I was given an original prognosis of an average of six months WITHOUT ANY  TREATMENT. This has "moved" several times for me; with chemo/radiotherapy I was told maybe another 6 months; after the treatment, when Horace had shrunk, my oncologist was talking about "a couple of years down the line", and now we have the metastases to cope with, and everything is up in the air again. This "uncertainty" was, and is,  hard for us to deal with.

Life from 18th September 2012 has become a series of goals. It briefly flitted through my mind "Will I see Christmas", but only very briefly. Then it became Tina's birthday, then my birthday at the end of this month (when I officially become a dirty old man and collect my Old Age Pension, finally getting some money out of this damn government!). I reckon I'll make this one! New goal - Christmas again. To paraphrase Bob the Builder, "Will we make it? YES, WE WILL!"

Of course, each milestone in your life becomes sharply poignant, because it may just be the last one. Choosing Christmas presents for Tina became a mission, they had to be just right. Tina's kids (another amazing source of support) organised a birthday party for her in April (No! I can't tell you how old she was, because she'll hit me!) and at this party, we renewed our wedding vows. We stood holding hands, with Tina digging her nails into my palm to stop me from losing it! I watched the video, and my bottom lip was quivering all the way through. Which leads me on to another change.

I've always been quite emotional, although it doesn't always show on the outside. Now I am positively hormonal, and tears come at the drop of a hat! I don't think I've been too hard to live with (although you'd really have to ask Tina). Even in this, we complement each other. I tend to downplay things (although I'm getting better at not doing this), so when a doctor/nurse asks "How have you been", I would always reply "I'm good" or "not too bad". Tina, on the other hand would tell it like it is.......... in detail! In our life she has taken on another role as my carer, and boy, does she care! There is no escape from her beady eye...........

I do however manage to escape from her clutches most days when I walk the hounds, the other great passion in my life. We have two ex-racing greyhounds which were rescued by The Retired Greyhound Trust. Boss, my big boy, is 10.5 years old, and Tilly, my little lady is 7.5 years old. They are my non-judgemental therapists, and when we stop for a rest on our walk, I talk to them non-stop about anything that's on my mind. I usually get back home a lot clearer headed than when I left.

Looking back, I have had a good life. Like most people, there are some things I would change, but overall I can't complain. I'm not perfect (just damn near!), and I hesitate to give advice, but consider this if you will.
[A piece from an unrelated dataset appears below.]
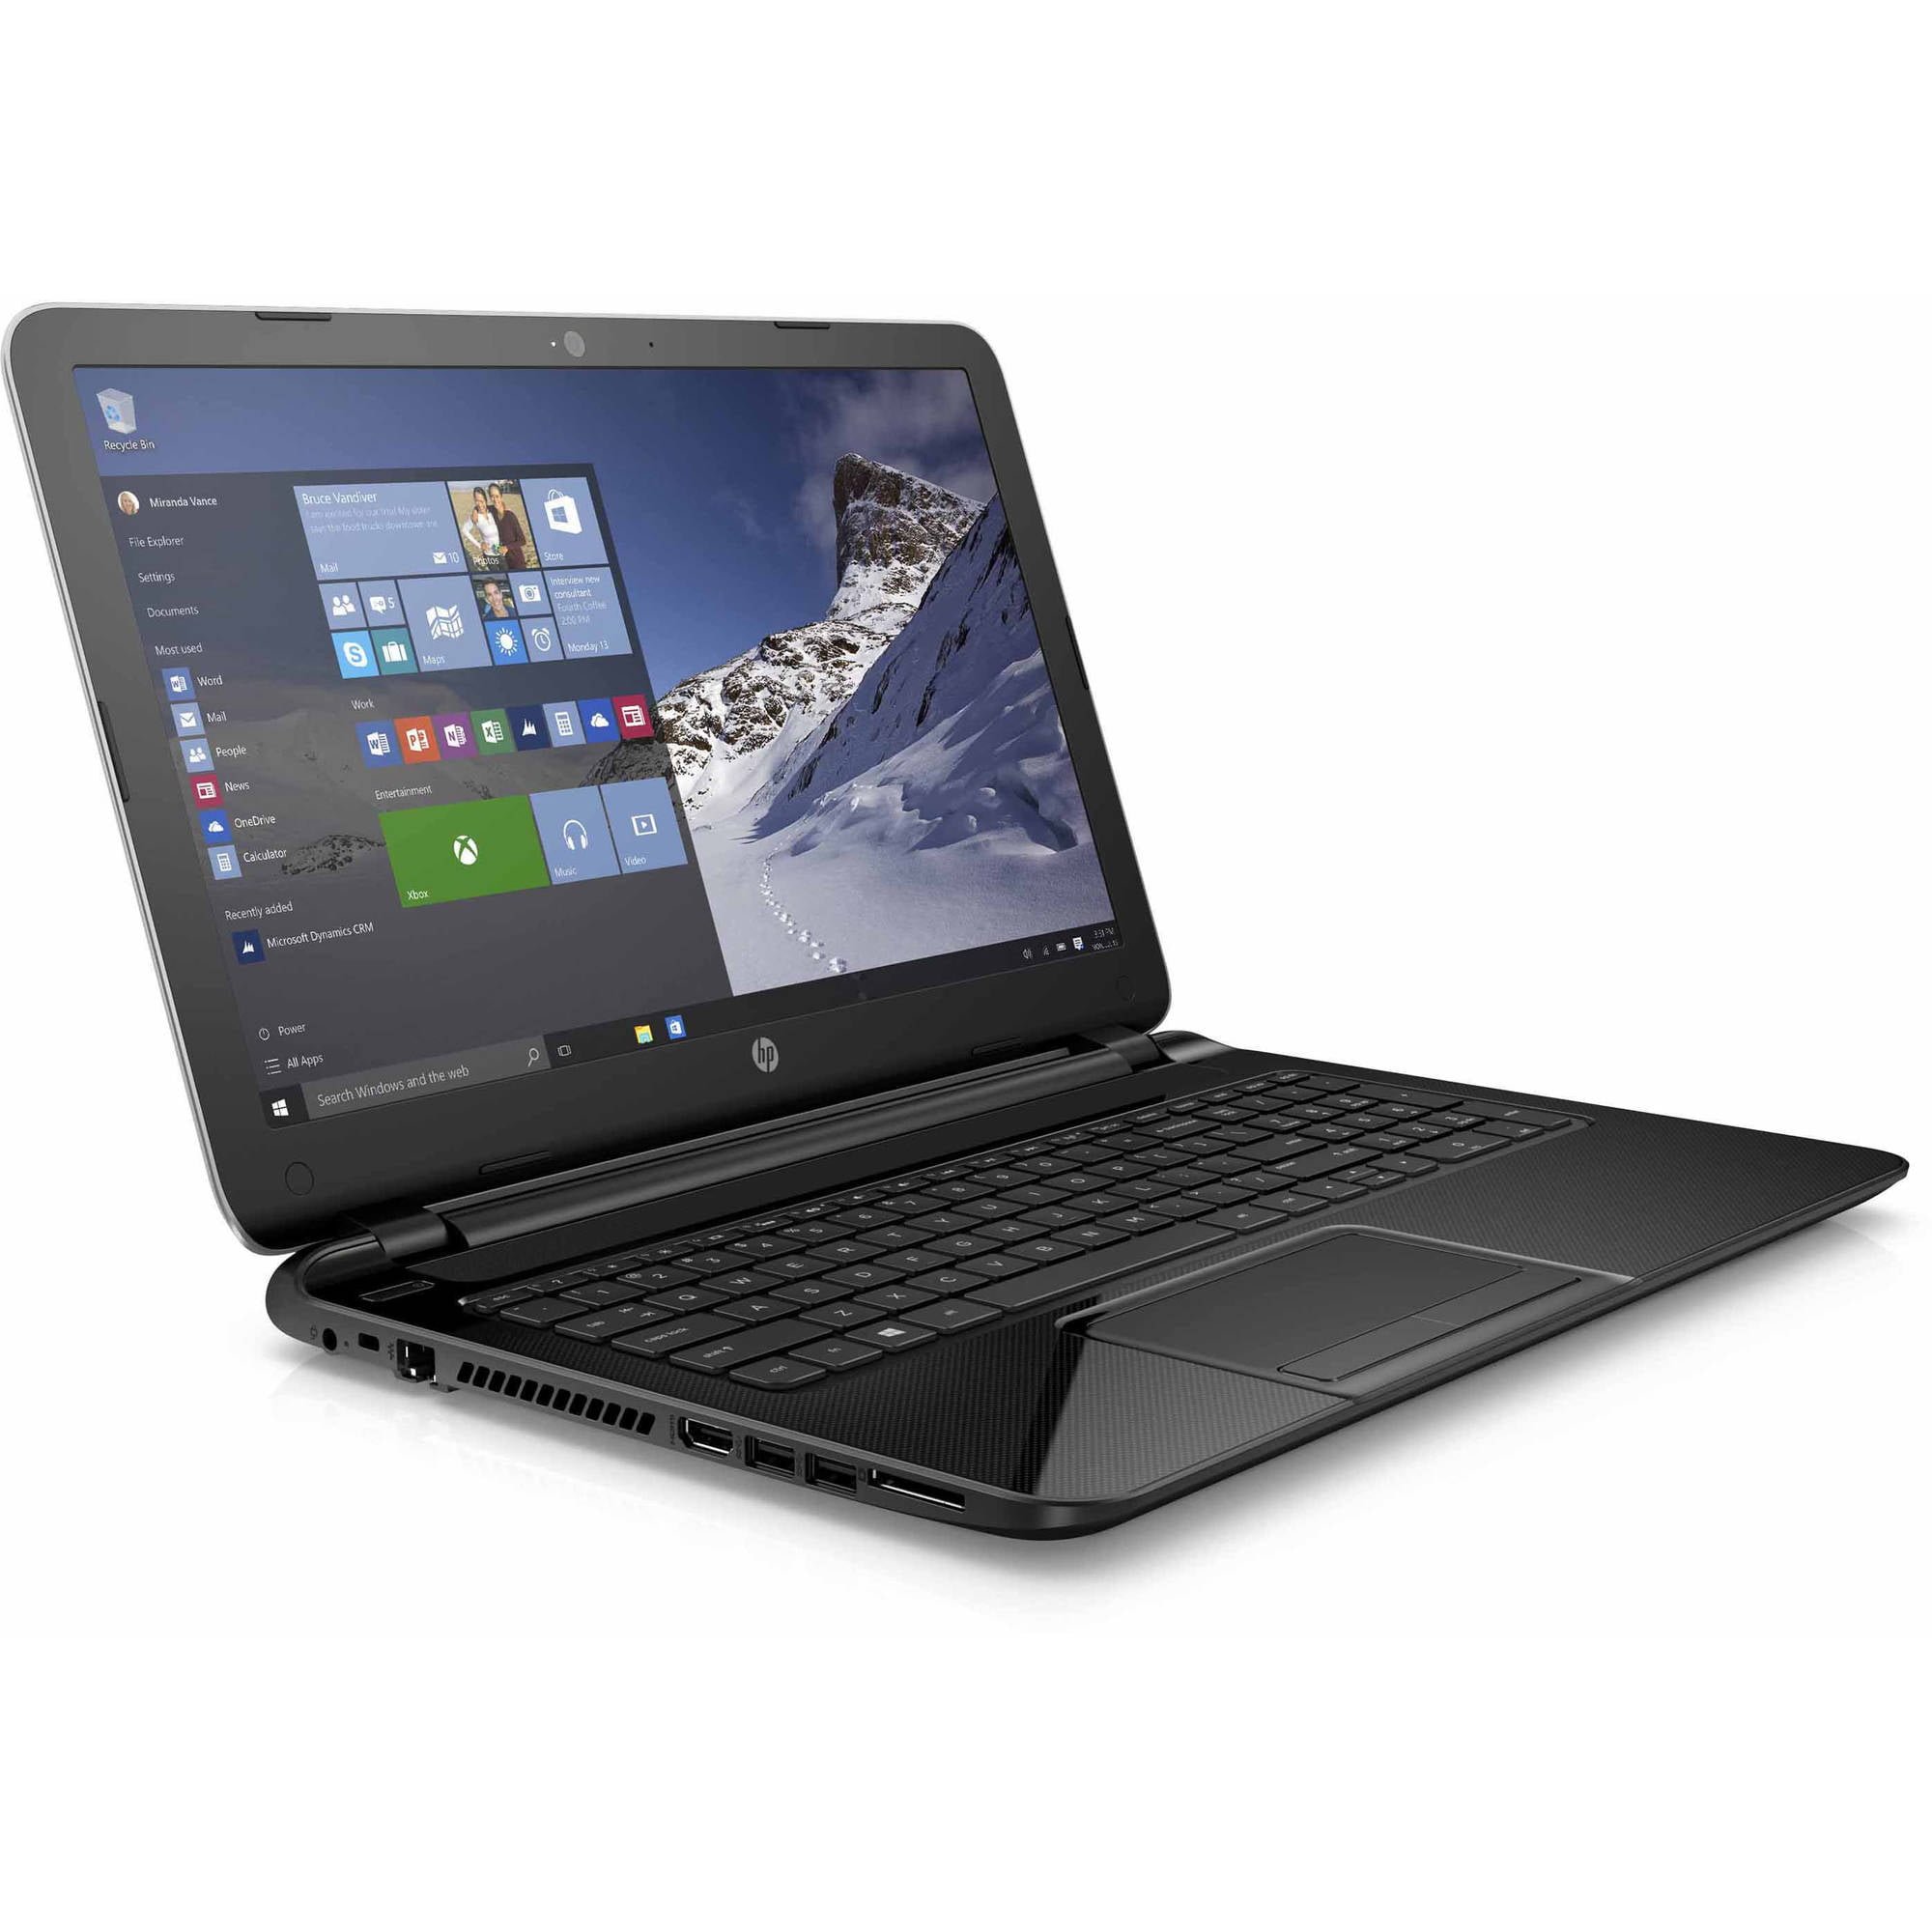 Hp Black 15 6 15 F233wm Laptop Pc With Intel Celeron N3050

You, as an individual, exist thanks to a series of chance happenings which make winning the lottery look like a sure fire, odds on, certainty. I'm not even going to mention the odds against Earth forming in the way it did to allow us to exist. Just think about two things. First, a certain arrangement of elements forms a certain collection of atoms, which combine in a certain way to become sperm and ova. One out of around 25 million spermatozoa fertilised an egg to produce YOU! What are the chances? Second, there have been eons when you, as an individual, did not exist. There will be eons after you die when things will go on without you. These  periods of time are unimaginable, and in the great scheme of things, you are born, live your life and die in a flash.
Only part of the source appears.